Pourquoi devons-nous tous avoir un accès équitable aux soins de santé? Les réponses varient. Peut-être que c'est simplement un droit, d'avoir accès aux moyens de la médecine quand on est malade et qu'on en a besoin. Peut-être sommes-nous simplement des gens bien, ou alors nous reconnaissons les déclarations de l'OMS, et les textes de droit international qui semblent bel et bien garantir une forme de droit à la santé. Peut-être, si nous voulons être plus précis, qu'en fait le droit d'accès aux soins de santé est ancré dans une idée politique plus large. Nous reconnaissons dans nos sociétés l'importance de l'égalité d'opportunité. Chacun doit avoir accès à un éventail suffisant de futurs ouverts. Les métiers, les positions sociales, doivent être ouvertes au mérite. Chacun doit pouvoir faire des choix, s'investir, et avoir sa chance. Or justement, la maladie, ça ferme des portes. Si nous pensons que chacun doit avoir accès à des futurs ouverts, alors nous devons faire ce que nous pouvons pour écarter la maladie des malades: donner accès à la médecine. Ainsi argumentait le philosophe américain Norman Daniels dans les années 80. Finalement, avoir une assurance c'est prudent. Les coûts de notre santé individuelle, on ne sait pas les prévoir. Si on se met tous ensemble, en revanche, là on peut prévoir les coûts et les partager.
En Suisse, l'accès aux soins, on a. C'est donc que l'on accepte ces arguments. Il y a cependant deux hics. Le premier c'est que les coûts-patients sont assez élevés pour annuler l'accès aux soins pour une partie de la population. Pas un détail, ça. Le deuxième hic, c'est les soins dentaires. Pas couverts. L'accès à la médecine, on y croit, mais apparemment l'accès à la médecine dentaire on n'y croit pas.
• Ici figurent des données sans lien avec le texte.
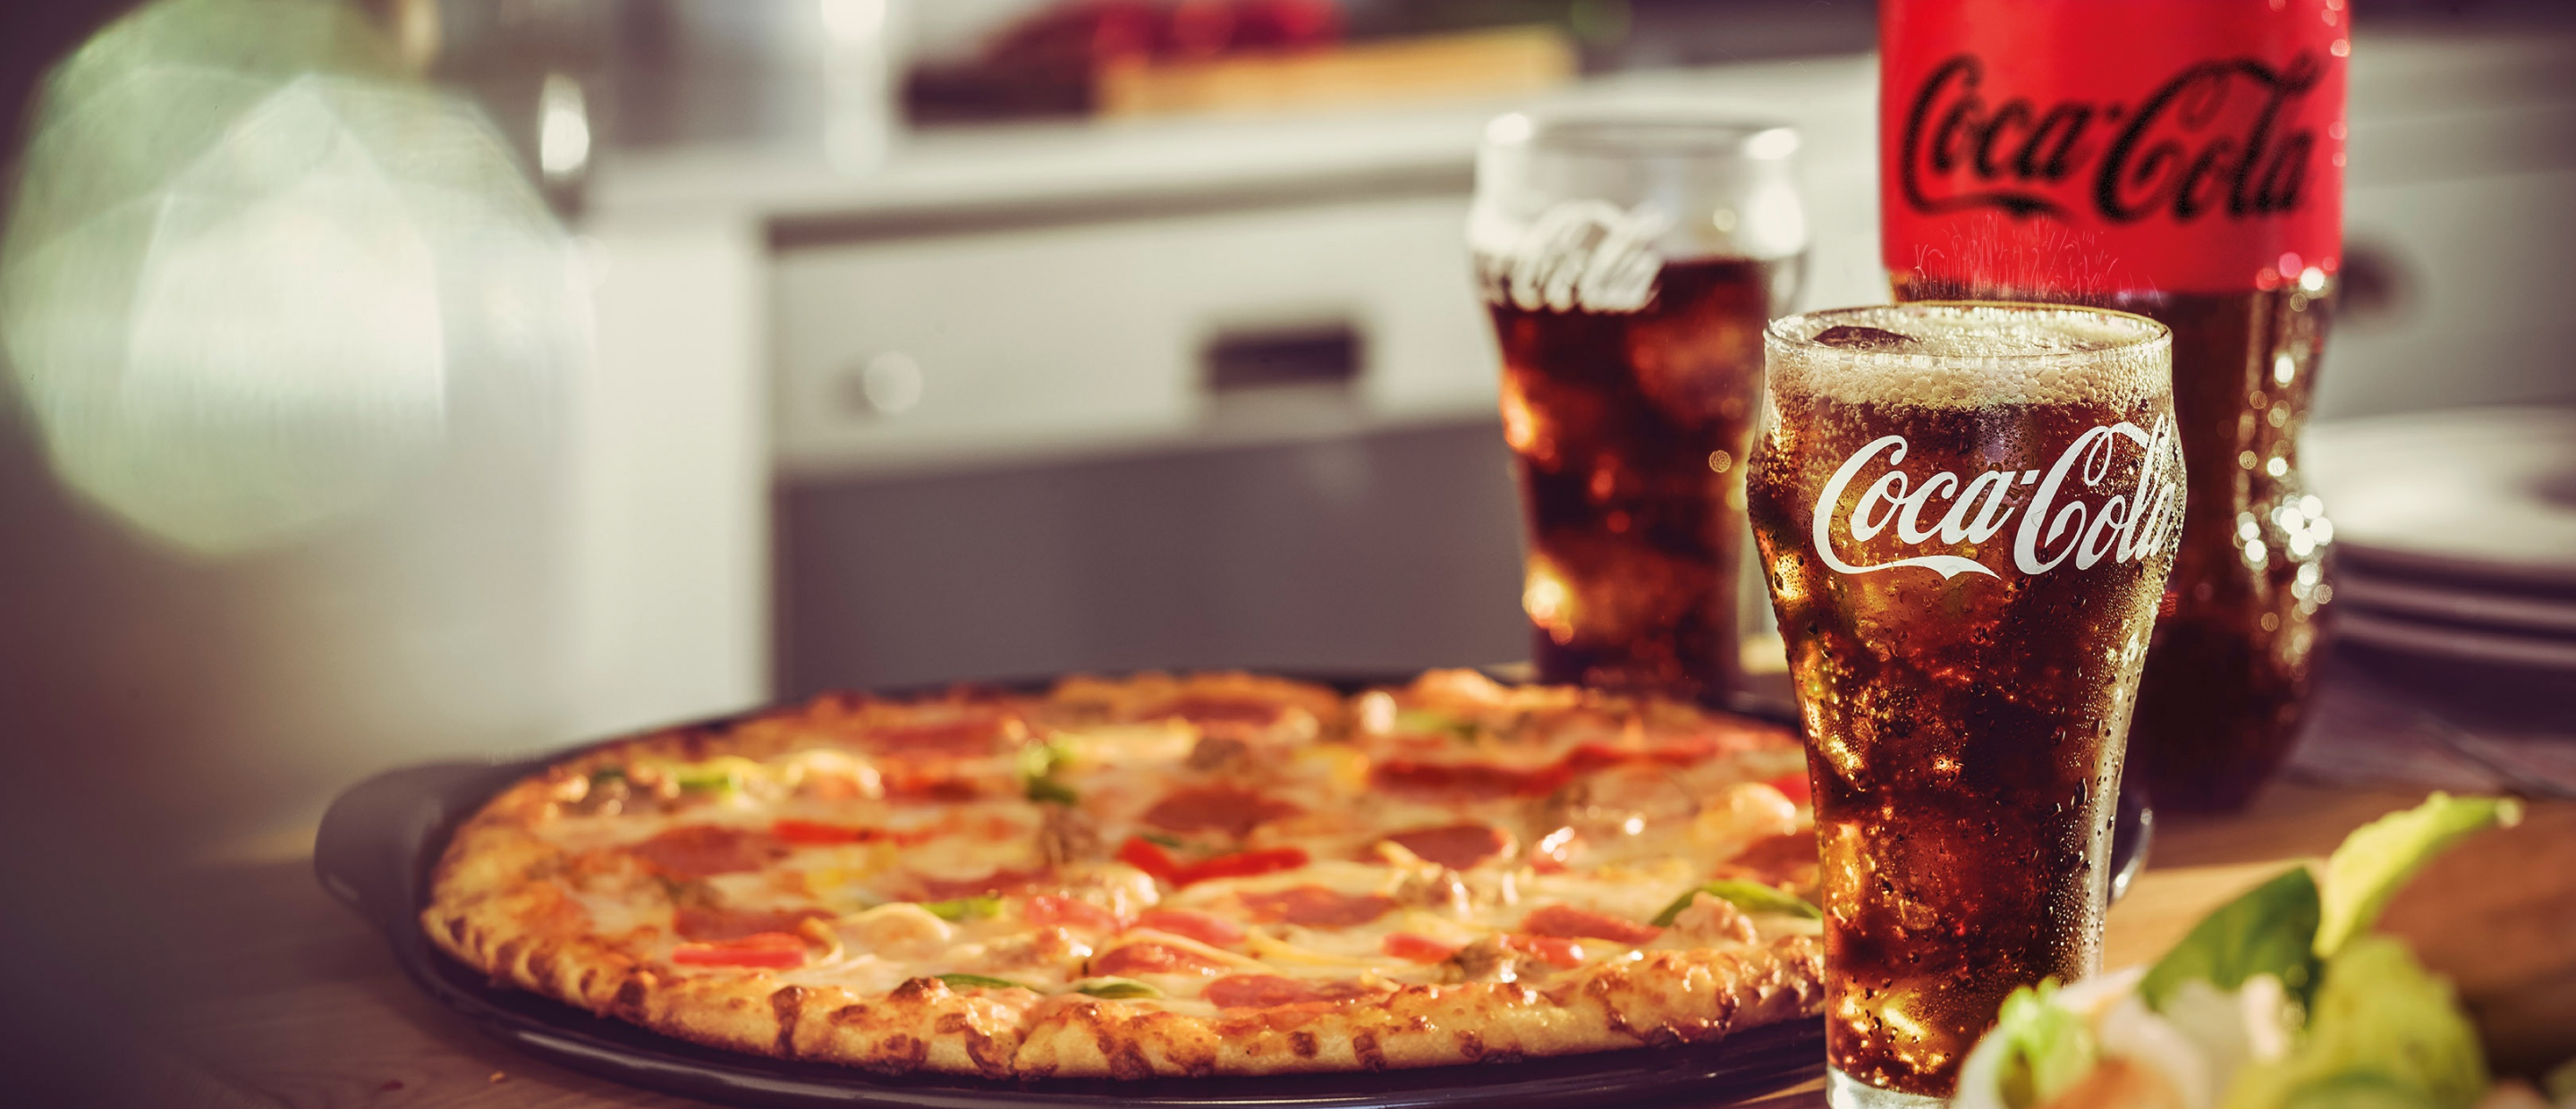 coca-cola with pizza meals

Pourquoi? En fait, la vraie raison est probablement très pragmatique. Être couvert par l'assurance maladie, ça veut aussi dire subir un droit de regard. Pas dit que nos collègues dentistes aient voulu de cela à l'heure où nos collègues médecins l'ont accepté.
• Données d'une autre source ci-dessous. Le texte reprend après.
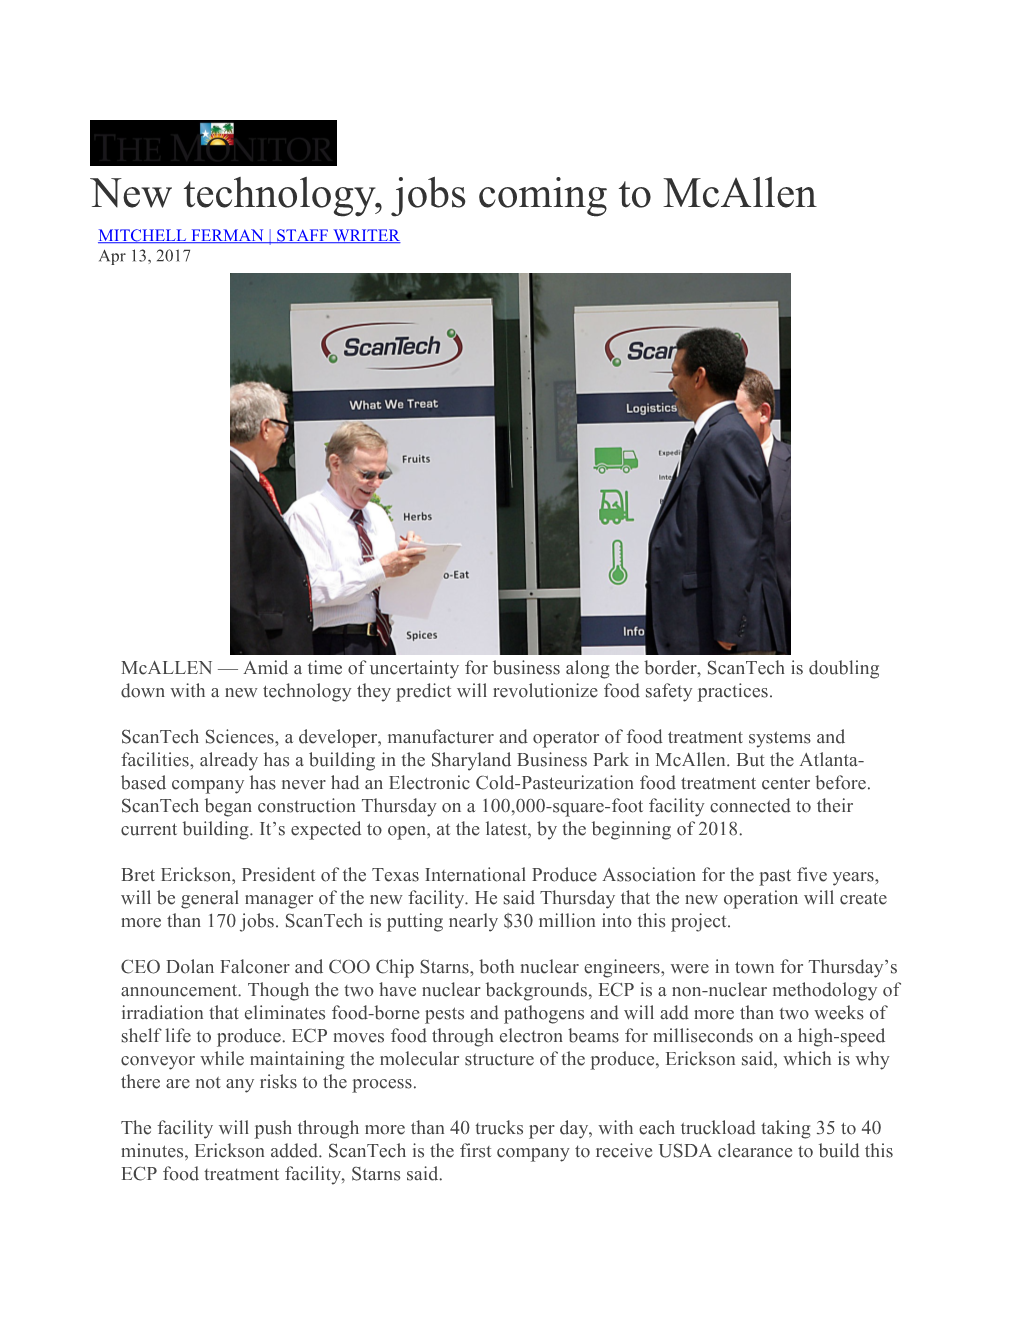 New Technology, Jobs Coming to Mcallen

Si on examine les arguments pour l'accès aux soins tout court, cela dit, eh bien ils marchent aussi pour les soins dentaires. Avoir de mauvaises dents, pour commencer, c'est mauvais pour la santé du corps entier. Ensuite, avoir des dents laides ou manquantes, ça aussi ça ferme des portes. Si cela arrive quand on est jeune et qu'on cherche son premier emploi, la bifurcation qui sera prise peut affecter ensuite le reste de l'existence. Bon, il y a quand même une raison de ne pas couvrir les soins dentaires me direz-vous peut-être: la prévention fonctionne et il suffit de bien se soigner les dents! Sauf que...la prévention passe elle aussi par la case du dentiste. Sans moyens suffisants, pas de contrôle et pas de détartrage, pas de prévention véritablement efficace donc.
Vu comme ça, la proposition vaudoise de payer une partie des frais dentaires en taxant les sodas, c'est vraiment une excellente idée. Si en plus un des résultats était de faire baisser la consommation de sodas, pour la santé ce serait évidemment très bien aussi. Et comme le projet prévoit une taxe à la consommation, elle pèserait plus lourd sur les petits budgets. Horreur, me direz-vous! Sauf qu'il s'agit d'un produit clairement nocif et dont la consommation est entièrement facultative. Un effet plus lourd sur les personnes de revenu modeste aurait pour effet une protection plus grande de leur santé par rapport aux autres groupes sociaux. Paternaliste? Peut-être. Mais si c'est si terrible de vouloir orienter les choix des personnes à coup de moyens financiers, vous me rappelez pourquoi on tient tellement à ce que les coûts patients soient aussi élevés dans notre système de santé?